Let's assume k = 3 is correct.

Step 5) "New" array to work on: 3|7|5|4|6 with corresponding indexes: 2|3|4|5|6

Now, pivot_index = 2 and pivot_index = 3

Step 6) Applying partition algo on the above array-

3|7|5|4|6 (array remains unchanged as pivot itself is the lowest value). i = 3

pivot_index = i-1 = 2 pivot_value = 3

Step 7) Compare pivot_index with k

k=3 and pivot_index=2

k > pivot_index

and so on....

Is this approach correct?

Here is my code which is not working. I have used a random number generator to select a random pivot, the pivot is then swapped with the first element in the array.

#include<stdio.h>
#include<stdlib.h>

void print_array(int arr[], int array_length){

    int i;

    for(i=0; i<array_length; ++i) {
        printf("%d ", arr[i]);
    }

}

int random_no(min, max){

    int diff = max-min;
    return (int) (((double)(diff+1)/RAND_MAX) * rand() + min);

}

void swap(int *a, int *b){

    int temp; 

    temp = *a;
    *a = *b;
    *b = temp;
}

int get_kth_small(int arr[], int k, int l, int r){

    if((r-l) >= 1){

        k = k + (l-1); 

        int pivot_index = random_no(l, r);

        int i, j;
        swap(&arr[pivot_index], &arr[l]);           //Switch the pivot with the first element in the array. Now, the pivit is in arr[l]

        i=l+1;

        for(j=l+1; j<=r; ++j){
            if(arr[j]<arr[l]){
                swap(&arr[j], &arr[i]);
                ++i;
            }
        }

        swap(&arr[l], &arr[i-1]);                   //Switch the pivot to the correct place; <p, p, >p

        printf("value of i-1: %d\n", i-1);
        printf("Value of k: %d\n", k);

        if(k == (i-1)){
            printf("Found: %d\n", arr[i]);
            return 0;
        }

        if(k>(i-1)){
            k=k-(i-1);
            get_kth_small(arr, k, i, r);
        } else {
            get_kth_small(arr, k, l, r-1);
        }

        //get_kth_small(arr, k, i, r);
        //get_kth_small(arr, k, l, i-1);

    }

}

void main(){

    srand(time(NULL));

    int arr[] = {2,1,3,7,5,4,6};
    int arr_size = sizeof(arr)/sizeof(arr[0]);
    int k = 3, l = 0;
    int r = arr_size - 1;

    //printf("Enter the value of k: ");
    //scanf("%d", &k);

    get_kth_small(arr, k, l, r);

    print_array(arr, arr_size);
    printf("\n");

}

解决方案

"Step 2: putting the pivot at the right place": don't do that. In fact you can't put the pivot at the right place, as you don't know what it is. The partitioning rule is to put all elements smaller or equal than the pivot before those larger. Just leave the pivot where it is!
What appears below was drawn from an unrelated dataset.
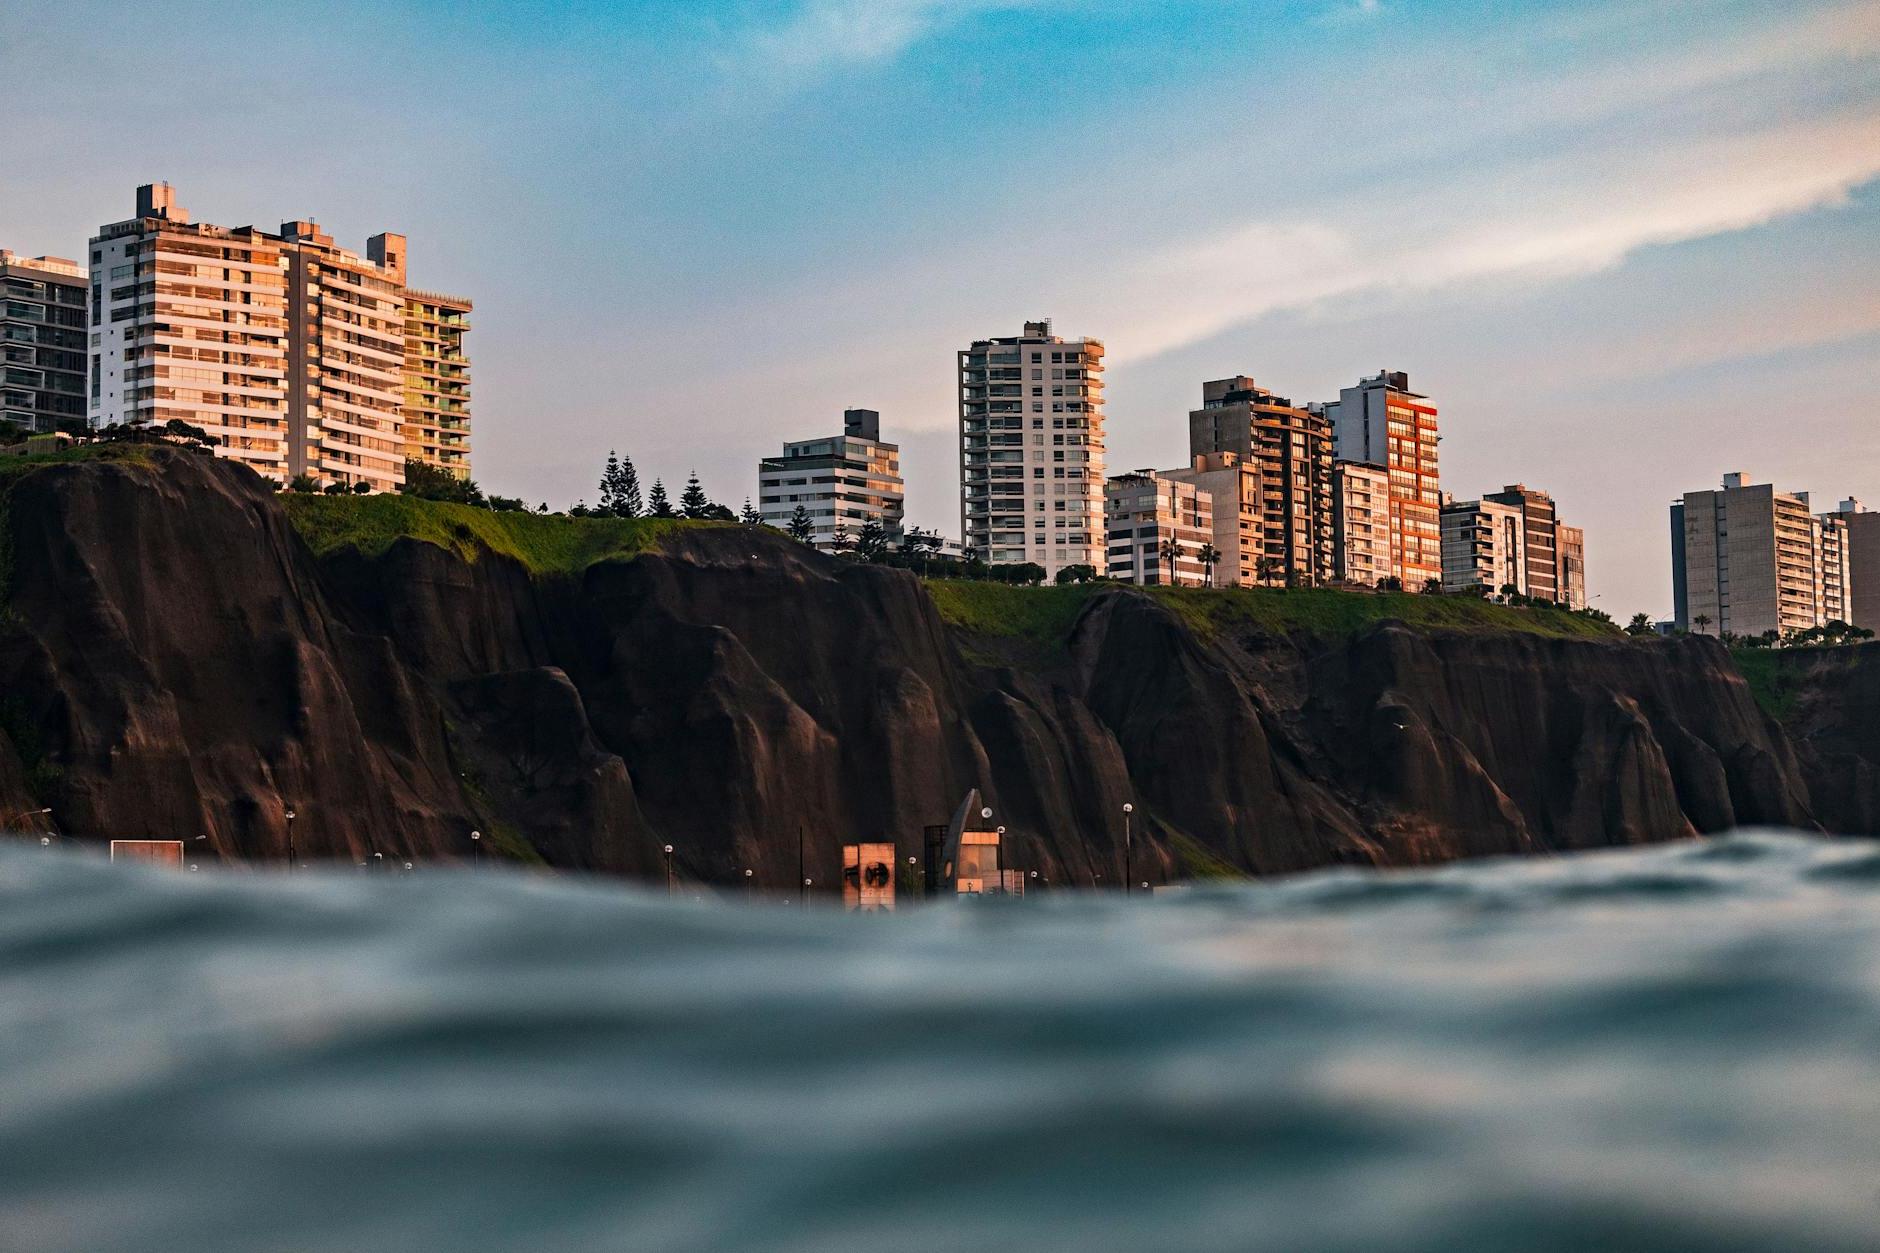 Blocks of Flats on the Cliff in Lima, Peru
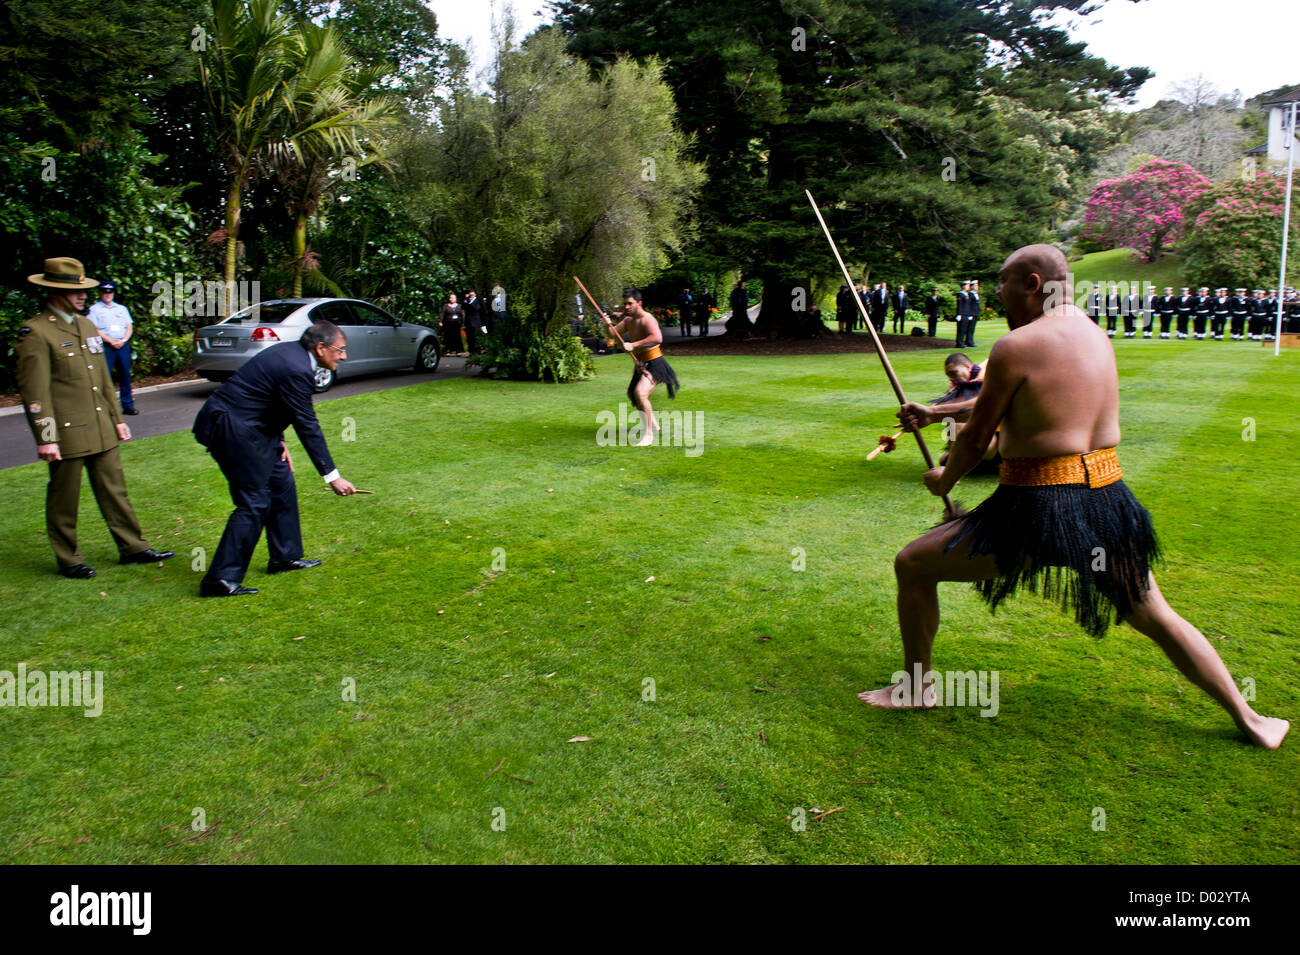 Secretary of Defense Leon Panetta is issued a wero, or challenge by Maori warriors during a Powhiri ceremony September 21, 2012 while visiting Auckland, New Zealand. Panetta picked up the rakau tapu, or dart while keeping eye contact with the warrior. The ceremony is an ancient Maori tradition used to determine if visitors came in peace or with hostile intent. Stock Photo

Quick select goes as follows: to find the Kth among N elements, 1) choose a pivot value, 2) move all elements smaller or equal to the pivot before the others, forming two zones of length Nle and Ngt, 3) recurse on the relevant zone with (K, Nle) or (K-Nle, Ngt), until N=1.

Actually, any value can be taken for the pivot, even one not present in the array; but the partition must be such that Nle and Ngt are nonzero.

这篇关于实施quickselect的文章就介绍到这了，希望我们推荐的答案对大家有所帮助，也希望大家多多支持IT屋！